The move echoed the latest anti-corruption pledge that Premier Li Keqiang made at his annual news conference, also on Sunday morning.
Li said the Party and the Chinese government are committed to combating corruption and upholding integrity and that the administrative reform will be deepened to uproot the "breathing space for corruption".
As an alternate member of the CPC Central Committee, Qiu is the fourth provincial-level official in Yunnan to be placed under investigation since November 2012 when Xi Jinping took the Party's top office.
The previous three were Bai Enpei, former Party chief of the province, Shen Peiping, a deputy provincial governor and Zhang Tianxin, Party chief of the provincial capital Kunming.
Qiu, 58, started his career as an agricultural researcher at the Jiangsu Academy of Agricultural Sciences in 1982 after graduating from Nanjing Agricultural University.
Following eight years in the academy, Qiu was named a deputy section chief in the Jiangsu provincial science committee, becoming a government official.

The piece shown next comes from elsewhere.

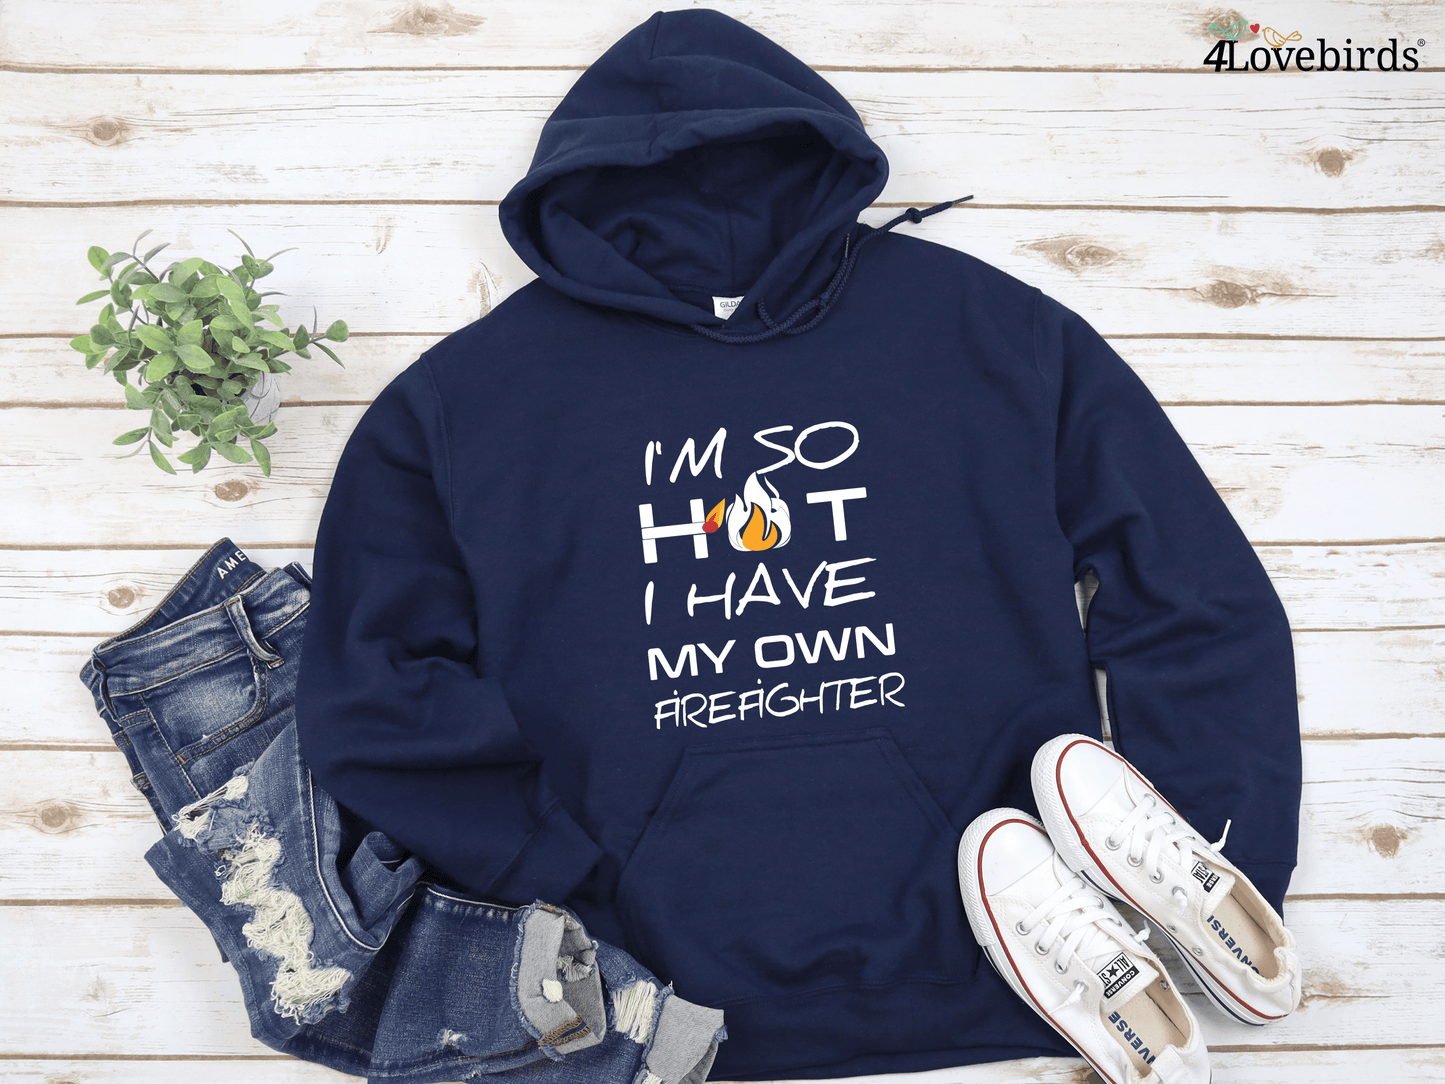 I'm So Hot I Have My Own Firefighter T-Shirt, Firefighter Couple Hoodies, Cute Couple Sweatshirts, Wedding Gifts, Couple Gifts - 4Lovebirds

In 1996, he was promoted to vice-mayor of Suqian, a small city in Jiangsu that turned into a demonstration of his ironhanded measures in improving officials' work style and developing urban infrastructure.
He became well known across the country in 2004 when Southern Weekly, a popular newspaper in China, published a cover story about the governance of Qiu, who was then Party chief of Suqian.
The ensuing media coverage on Qiu's relentless efforts in punishing slack officials and invigorating the local economy brought him a huge reputation as well as controversies that claimed he overused his power and sold out State-owned assets in the city.
However, such controversies did not stop him from a succession of promotions. In 2006, Qiu was appointed deputy governor of Jiangsu. Nearly two years later, he became Party chief of Kunming, where he continued to impose his heavy-handed policies on officials.
Despite Qiu leaving the city government and being named deputy Party chief in late 2011, some people accuse him of executing forcible demolition to make way for his development plan.